Graph Valid Tree

Given n nodes labeled from 0 to n - 1 and a list of undirected edges (each edge is a pair of nodes), write a function to check whether these edges make up a valid tree.

For example:

Given n = 5 and edges = [[0, 1], [0, 2], [0, 3], [1, 4]], return true.

Given n = 5 and edges = [[0, 1], [1, 2], [2, 3], [1, 3], [1, 4]], return false.

Note: you can assume that no duplicate edges will appear in edges. Since all edges are undirected, [0, 1] is the same as [1, 0] and thus will not appear together in edges.

分析

这种验证有效的图都是一类题。无非就是几种方法,比如DFS。注意树有个特征就是一个child不能有两个parent, 根平时拓扑排序找环的的差别,当然由于这道题是无向图,不用考虑这方面。这题有几个要注意的地方,比如一个树只能有一个root,如果这个树存在多个root, 那肯定无效。

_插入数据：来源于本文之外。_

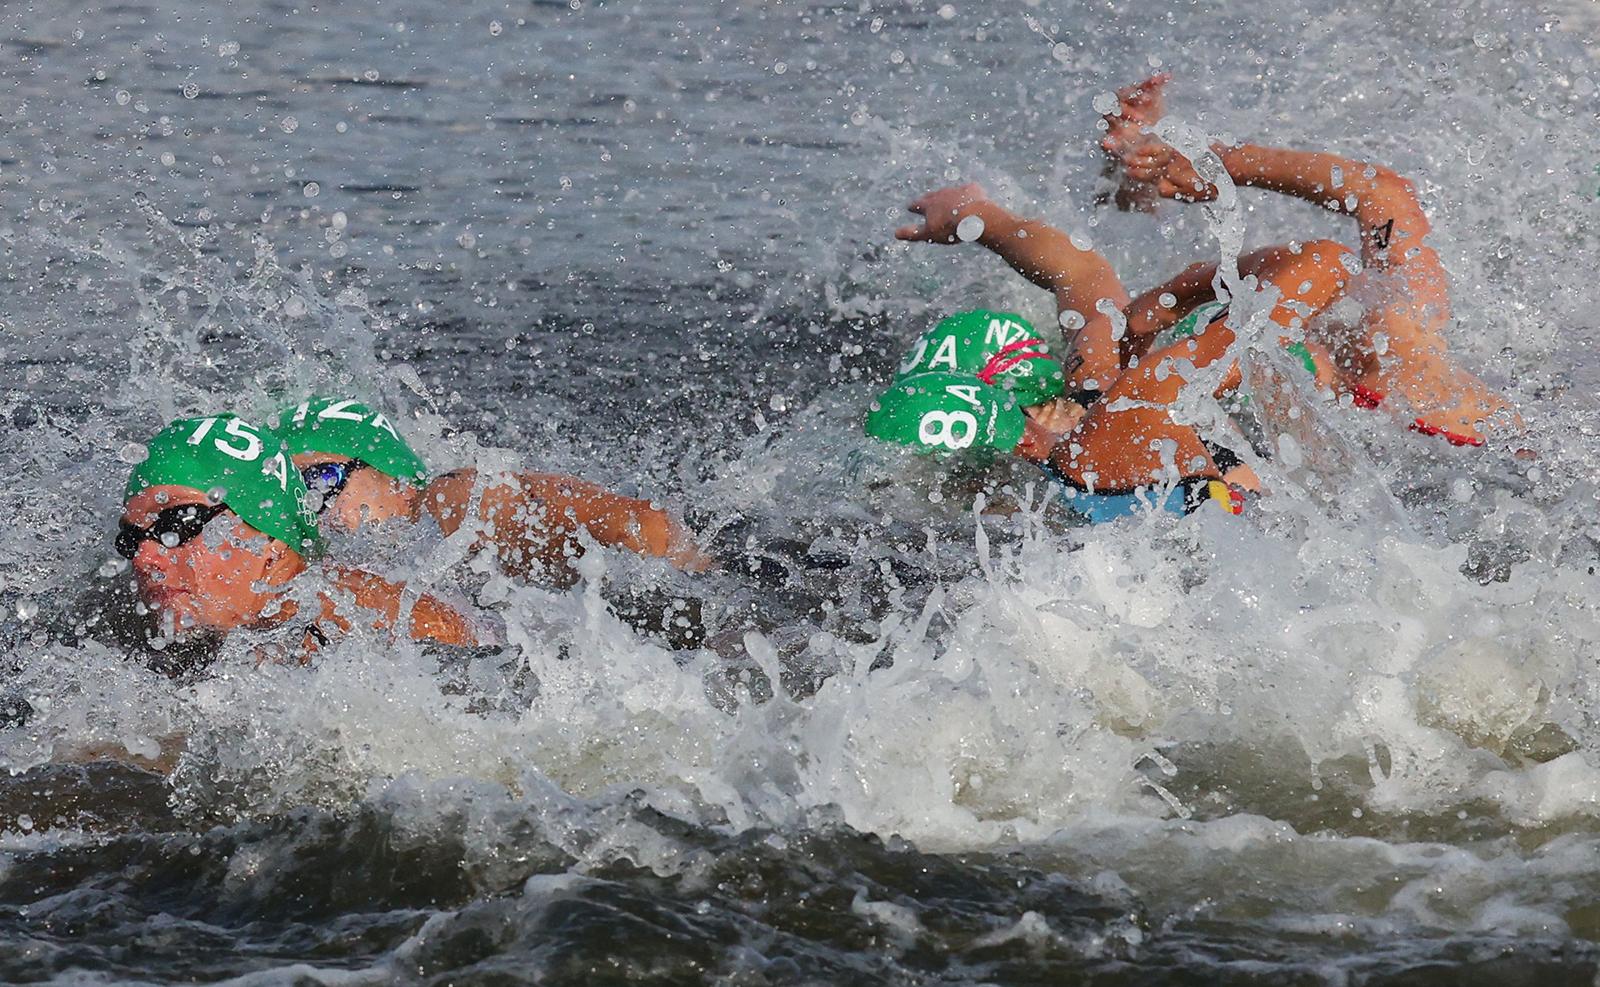 Tokyo 2020 Olympics - Triathlon - Mixed Team Relay - Final - Odaiba Marine Park, Tokyo, Japan - July 31, 2021. Zsanett Bragmayer of Hungary, Yuko Takahashi of Japan, Claire Michel of Belgium and Ainsley Thorpe of New Zealand in action. REUTERS

由于这道题是无向图,那么我们其实可以从任意一个点开始DFS,不用必须从root,因为无向图从任意一点都可以遍历到整块部分。添加edge的时候两个方向都添就可以了,另外就是还有个注意的地方就是如果在遍历neighbors的时候,自己parent不要遍历,否则直接返回false以为有环了。总结一句就是,这种无向图每个点遍历一次就可以了,否则就意味着有环。

如果这道题换成是有向图的话,解法见下文。

复杂度

time: O(V + E), space: O(h)

代码

public class Solution {
     public boolean validTree(int n, int[][] edges) {
        List<Integer>[] graph = new List[n];

        for (int i = 0; i < n; i++) {
            graph[i] = new ArrayList<Integer>();
        }

        for (int i = 0; i < edges.length; i++) {
            graph[edges[i][0]].add(edges[i][1]);
            graph[edges[i][1]].add(edges[i][0]);
        }

        boolean[] visited = new boolean[n];
        if (!dfs(graph, 0, visited, -1)) {
            return false;
        }
        
        // 检测是否存在多个root, 如是意味着图无效
        for (int i = 0; i < n; i++) {
            if (!visited[i]) {
                return false;
            }
        }

        return true;
    }

    private boolean dfs(List<Integer>[] graph, int i, boolean[] visited, int prev) {
        // 发现环
        if (visited[i]) {
            return false;
        }
        visited[i] = true;

        for (int num : graph[i]) {
            if (prev != num && !dfs(graph, num, visited, i)) {
                return false;
            }
        }

        return true;
    }
}

Graph Valid Tree(Directed Edges)

Given n nodes labeled from 0 to n - 1 and a list of directed edges (each edge is a pair of nodes), write a function to check whether these edges make up a valid tree.

For example:

Given n = 5 and edges = [[0, 1], [0, 2], [0, 3], [1, 4]], return true.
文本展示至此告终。